Approximate time: 90 minutes

Learning Objectives:

  • Understand how to bring in data from single-cell RNA-seq experiments
  • Construct QC metrics to explore visually
  • Evaluate the QC metrics to filter out low quality cells

Single-cell RNA-seq: Quality control

The next step in the analysis is the quality control of the data at both the sample and cellular levels. This is a critical step in our analysis workflow, since failure to remove poor quality cells or a poor quality sample could make interpretation of our data more difficult.

Goals:

  • To filter the data to only include true cells that are of high quality, so that when we cluster our cells it is easier to identify distinct cell type populations
  • To identify any failed samples and either try to salvage the data or remove from analysis, in addition to, trying to understand why the sample failed

Challenges:

  • Delineating cells that are poor quality from less complex cells
  • Choosing appropriate thresholds for filtering, so as to keep high quality cells without removing biologically relevant cell types

Recommendations:

  • Have a good idea of your expectations for the cell types to be present prior to performing the QC. For instance, do you expect to have low complexity cells or cells with higher levels of mitochondrial expression in your sample? If so, then we need to account for this biology when filtering
  • If in doubt, be less stringent with your filtering. While having junk "cells" in the clustering can make it more difficult, if we see a cluster with high mitochondrial expression and no markers of interest, we can remove this cluster from the analysis downstream.

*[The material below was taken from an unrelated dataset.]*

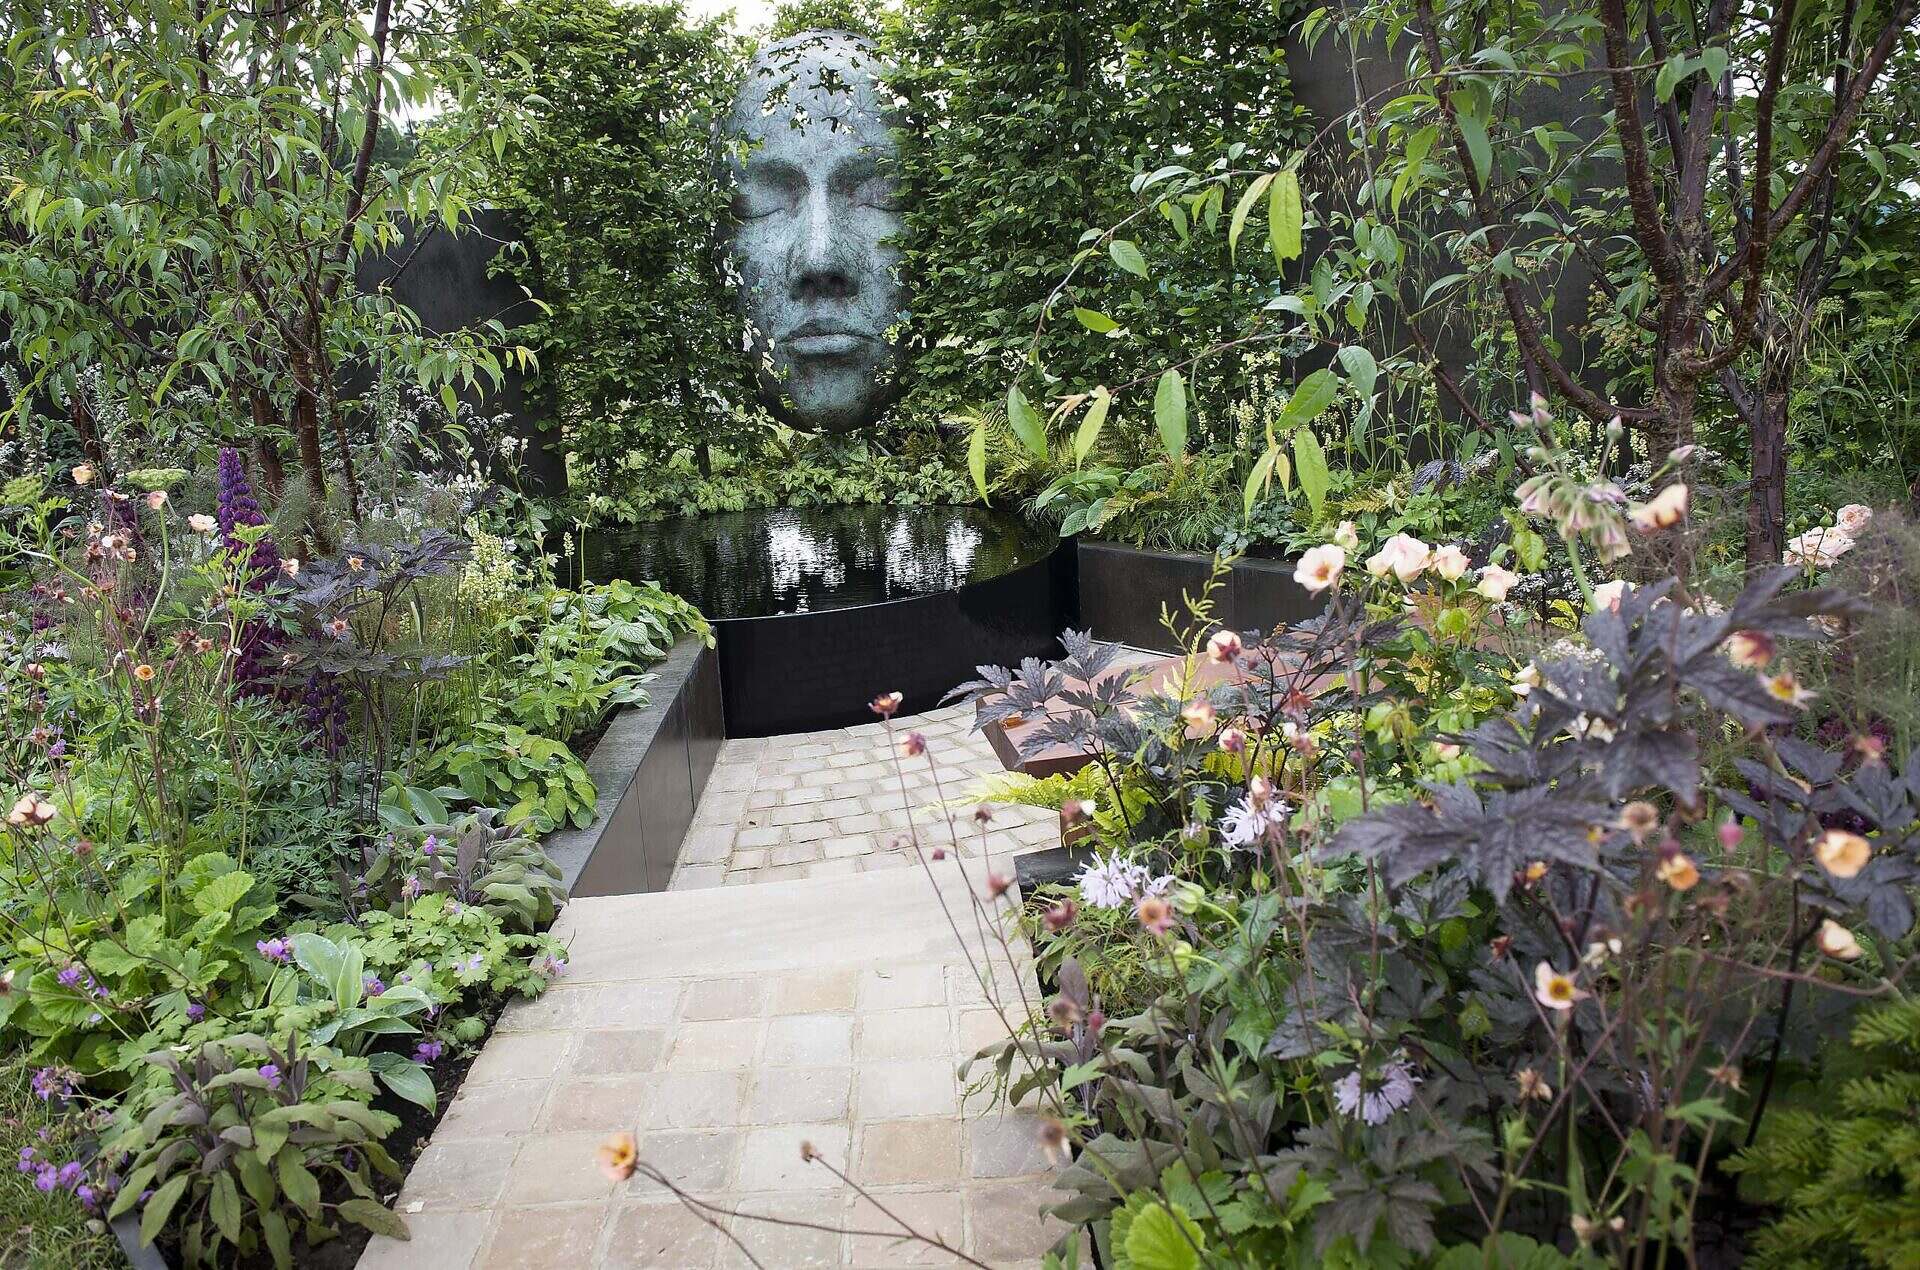 Show garden at RHS Chatsworth showing sculpture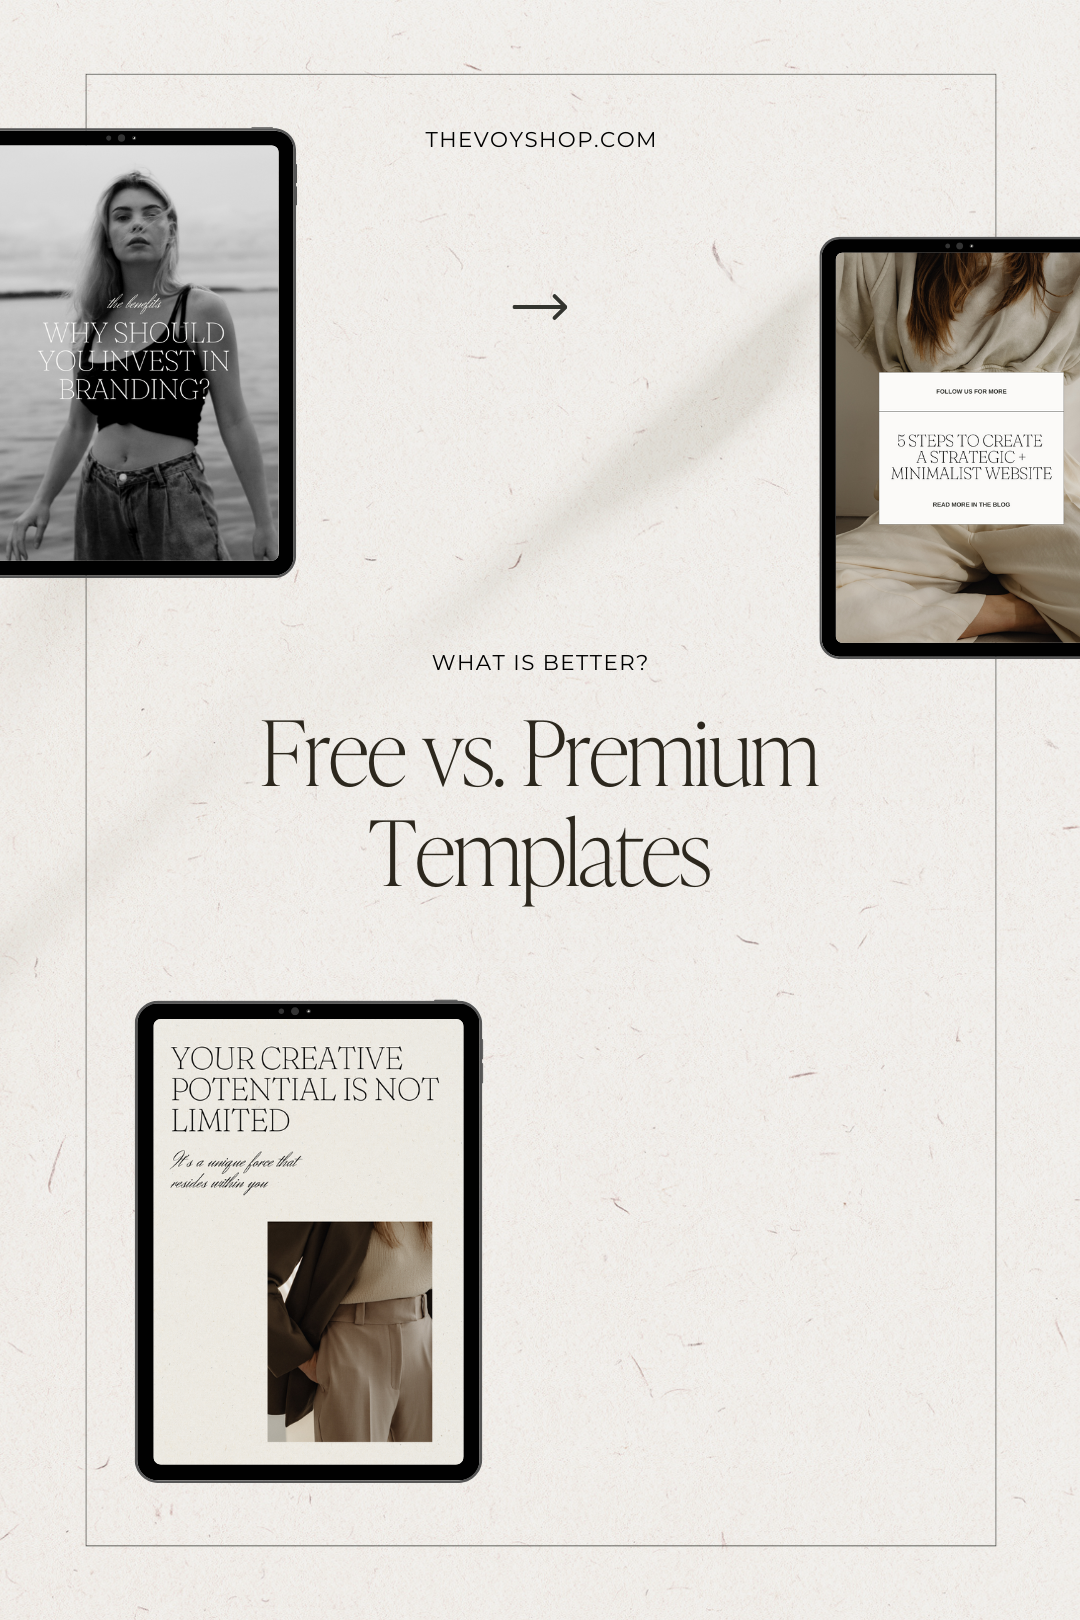 Free vs. Premium Instagram Templates – Which Are Better?

Obtaining quality metrics for assessment

Oftentimes it is useful to extract the data and explore it ourselves without the limitations imposed by a specific tool/package. Therefore, we take the count matrix output and derive metrics for exploration. We have code available for deriving these metrics if interested.

Creating count data object

Generally, all single-cell RNA-seq datasets, regardless of technology or pipeline, will contain three files:

  1. a file with the gene IDs, representing all genes quantified
  2. a file with the cell IDs, representing all cells quantified
  3. a matrix of counts per gene for every cell

You will need to use these files to properly give the matrix of counts the gene IDs as row names and cell IDs as column names.

Using this count matrix, we can create our metadata by calculating the different metrics to evaluate for quality control assessment.

QC metrics

We will be exploring multiple metrics used to determine which cells are of good quality. Below is an overview of the metrics they we often explore at the sample and cellular levels:

Sample-level metrics include:

  • the distribution of number of reads per cell
  • the number of cells per sample

These numbers should match our expectations based on what was asked for during sequencing. These metrics could help point to possible issues with specific samples.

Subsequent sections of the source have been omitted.